Previously he was prosecuted for the causes of repression and killing of protesters in 2001, which was finally acquitted by the Federal Chambers. He was also publicly linked to the murder of Axel Blumberg, the son of Juan Carlos Blumberg, although Palacios defended himself by saying that "is an invention, as reflected in the statements of the father" of the victim.

For his part, Palacios denies all allegations and claims that there is a "smear campaign" against him.

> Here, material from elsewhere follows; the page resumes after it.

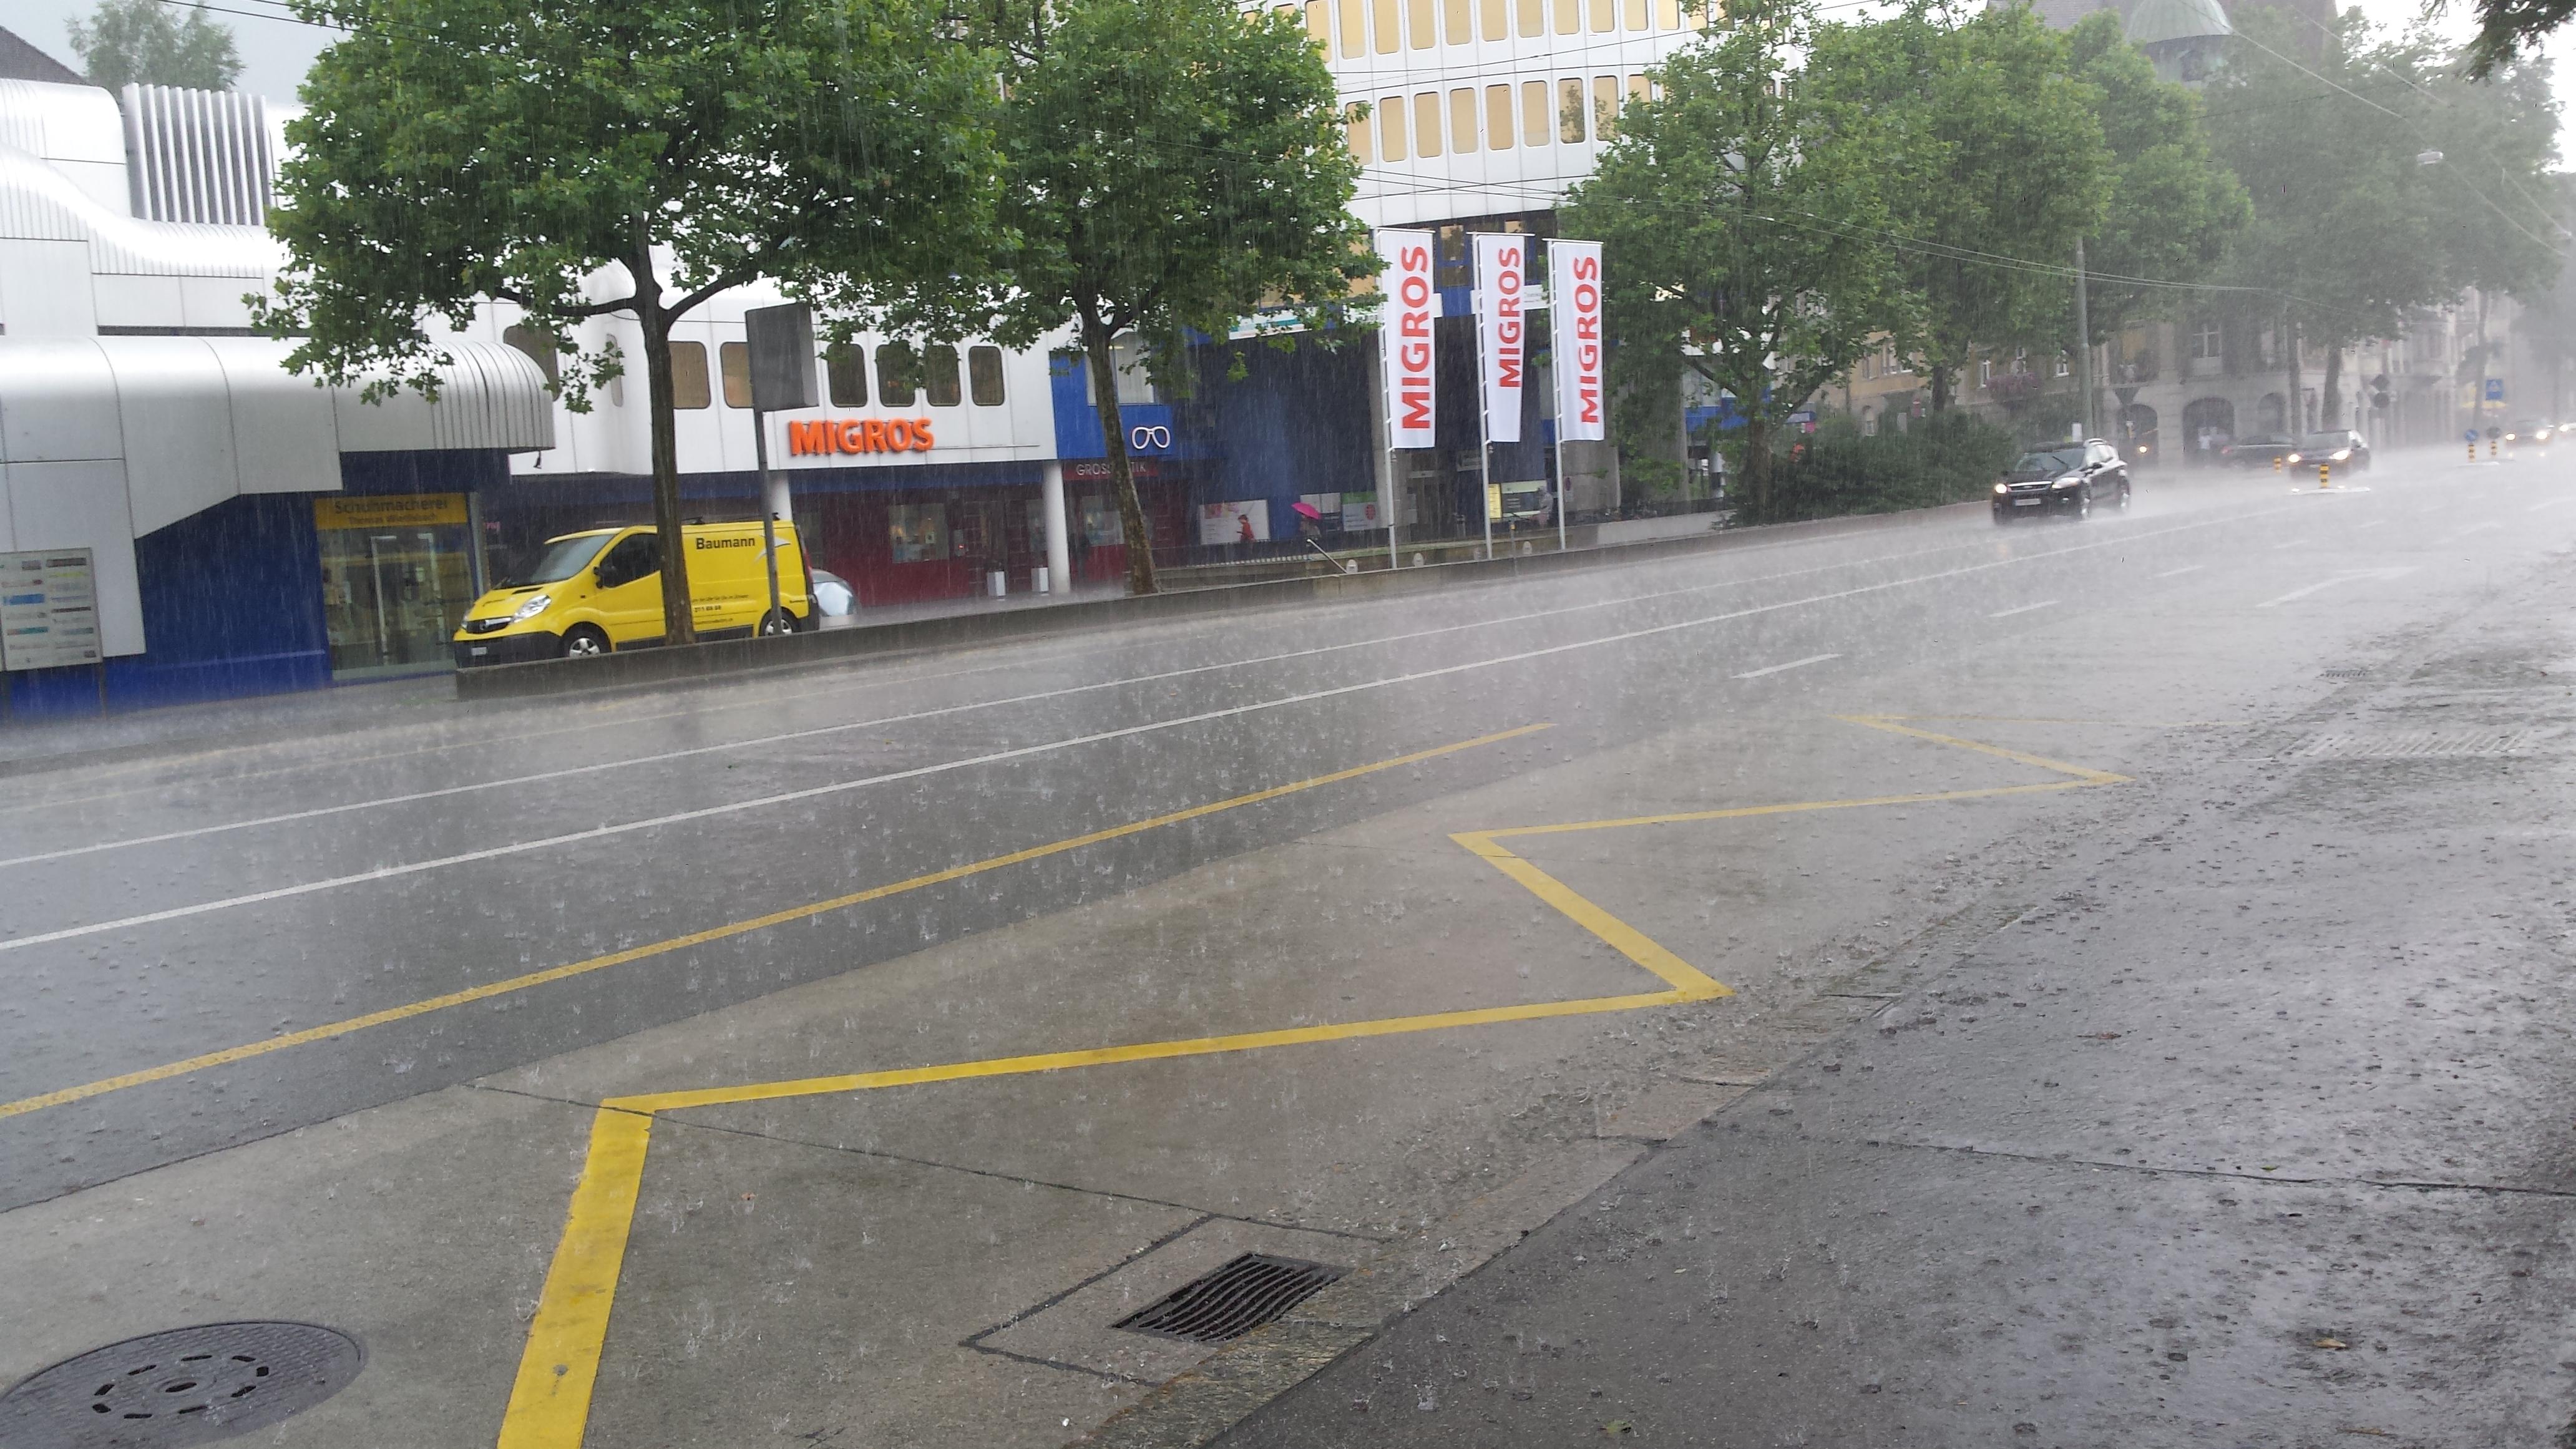 Platzregen St.Gallen
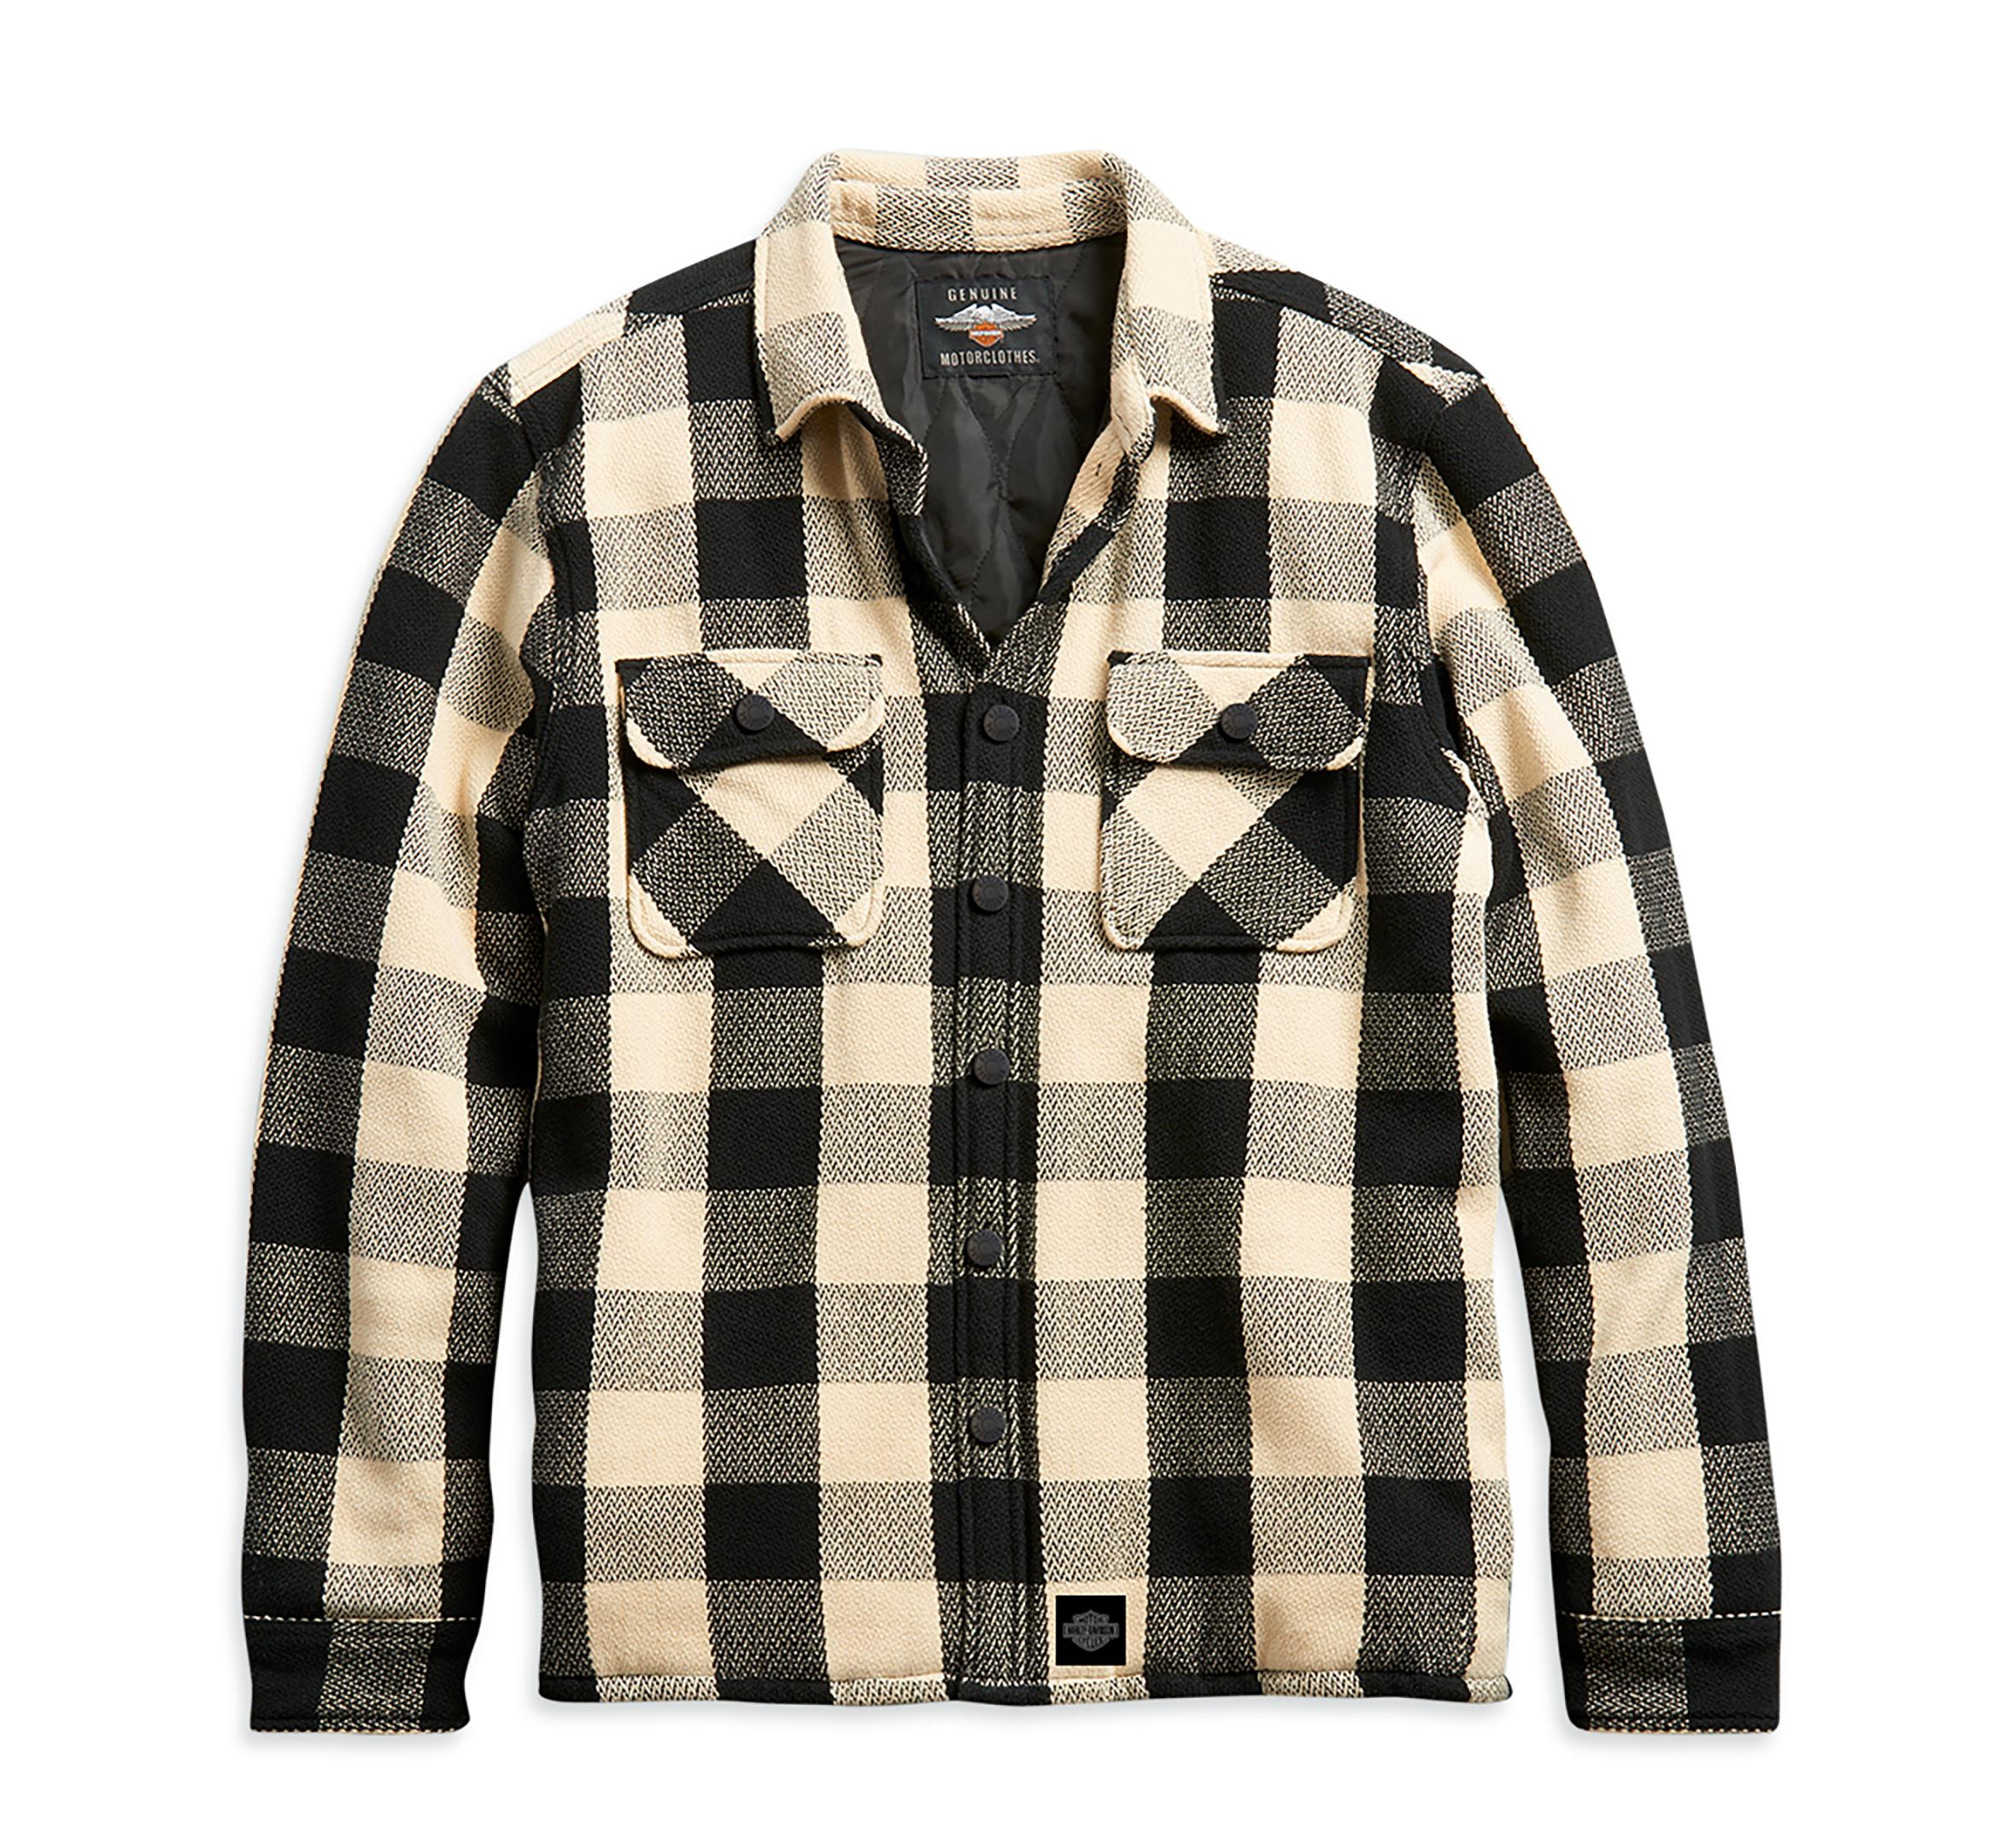 Harley Davidson Shirt-Woven Herren TAN PLAID Karohemd robust 96272-21VH

He was also controversial for his book Terrorismo en la aldea global (Terrorism in the global village), especially the bias of its analysis. In particular, he asserted that "Argentina was the theater of Marxist revolutionaries who sow violence and terror in the citizenry", but does not mention state-sponsored terrorism in Argentina at all.

===Wiretapping scandal===

In October 2009, Sergio Burstein, one of the leaders of the Jewish community who had led the opposition against the appointment of Fino Palacios as Chief of Police (because of his connections with the terrorist attack on the AMIA), he denounced in court was being spied on by the Police of the City of Buenos Aires. Shortly thereafter, the Justice observed that in fact, Burnstein was being spied upon by a band that would be part Fino and his successor Osvaldo Palacios Chamorro, a federal police lawyer and two judges from the Misiones Province.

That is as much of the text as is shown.